Another significant milestone in the evolution of Apple Inc. (Nasdaq: AAPL) is being marked this week. Microsoft Corp. (Nasdaq: MSFT), the long-term nemesis of the consumer electronics company, announced its first-quarter results, and the numbers showed the software vendor's revenue had fallen behind Apple's for the first time in about 20 years.
It's a triumph of sort, not just for Apple but also for the electronics hardware market. Until Apple's sales eclipsed Microsoft's, I had begun to think that being in the electronics hardware business might be the kiss of death. It still could be, but Apple, by marrying software with great hardware design and one of the best marketing outreach programs in the electronics industry, is demonstrating what OEMs must do to fight the wave of commoditization that has devastated sales and eroded profit margins over the last decade.
Microsoft is growing, just not as fast as Apple, and this must be bittersweet for the folks in Redmond, Wash. Despite having a strong March quarter, Microsoft is trailing Apple on two major financial metrics:
The software giant's revenues in the March quarter -- its fiscal 2011 third quarter -- rose to $16.4 billion from $14.5 billion, up 13 percent, while Apple in the same quarter reported revenues of $24.7 billion, up 83 percent from the comparable 2010 quarter. During the same quarter, profits at Microsoft were $5.2 billion but $6 billion at Apple. Analysts, meanwhile, forecast Apple's June-quarter revenues will be approximately $24.5 billion compared with $16.2 billion for Microsoft.
Little wonder, therefore, that Apple's market value ($319.5 billion) is almost $100 billion more than Microsoft's ($224.4 billion) at the end of trading on Thursday, April 28.
It's easy to draw the wrong conclusions from these numbers. Yes, Apple is focused on hardware, including wireless products such as the iPhone and the iPad, while Microsoft is mainly a software vendor, generating a huge portion of its sales from the weakening personal computer market. Apple, which also sells PCs, is growing faster in the segment than the market average by leveraging its brand name to maintain a fanatical support base in the Macintosh community; buyers of Apple's Macs typically pay a premium over comparable Windows PCs.

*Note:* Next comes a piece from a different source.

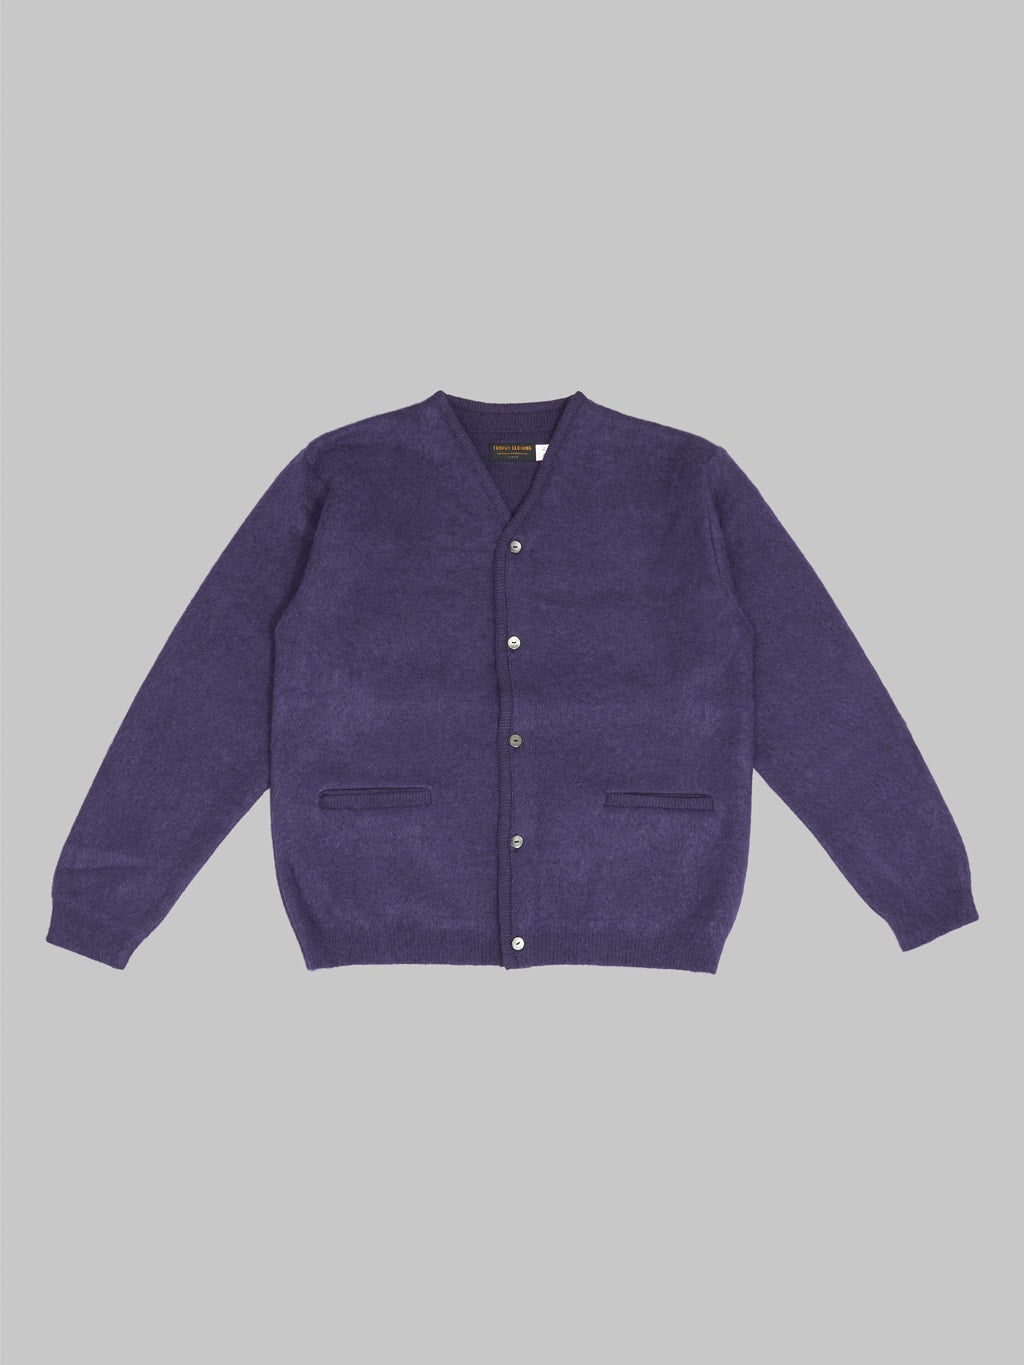 Trophy Clothing Mohair Knit Cardigan Dark Purple front

But it would be naïve to simply describe Apple as a hardware vendor. The company is better seen as a community developer and enabler, offering equipment and services that enhance consumer and corporate usage of electronics products. Just as Apple refused to open-source the software interface with its Mac computers, it did the same with its wireless handsets and tablet PCs to become the biggest and most valuable technology company in the world. In other words, electronics OEMs can maintain market share and generate both huge sales and profits if they play in the "right" equipment market and couple this with a great software interface that allows them to develop a unique ecosystem for the products.
I think many companies are either missing this bigger picture or failing to make the transition as smoothly and effectively as Apple has. Cisco Systems Inc. (Nasdaq: CSCO) is one of those companies that have not yet connected the dots among great hardware, the community of users, and a fantastic ecosystem. The company is reorganizing operations and has ordered the closure of its Flip camera division. The Flip is a great product -- I own one -- but beyond point-and-shoot, my relationship with the product is as fascinating as the one I have with my garden shovel.
I don't know that all OEM products can lend themselves to the Apple magic, but not finding a way to build a vibrant ecosystem around your product will accelerate the price erosion we fancily call "commoditization" today.
And as for Apple, perhaps the gloaters should hold off. Apple may have passed Microsoft in revenue, profits, and market value, but its competitiveness comes with some caveats. In the March quarter, for instance, the sales gap between Microsoft and Apple was more than $8 billion, but the profit gap was less than $1 billion. The implication is that Apple is sweating more to generate comparable profits. I like Apple, but Microsoft isn't looking so bad, either.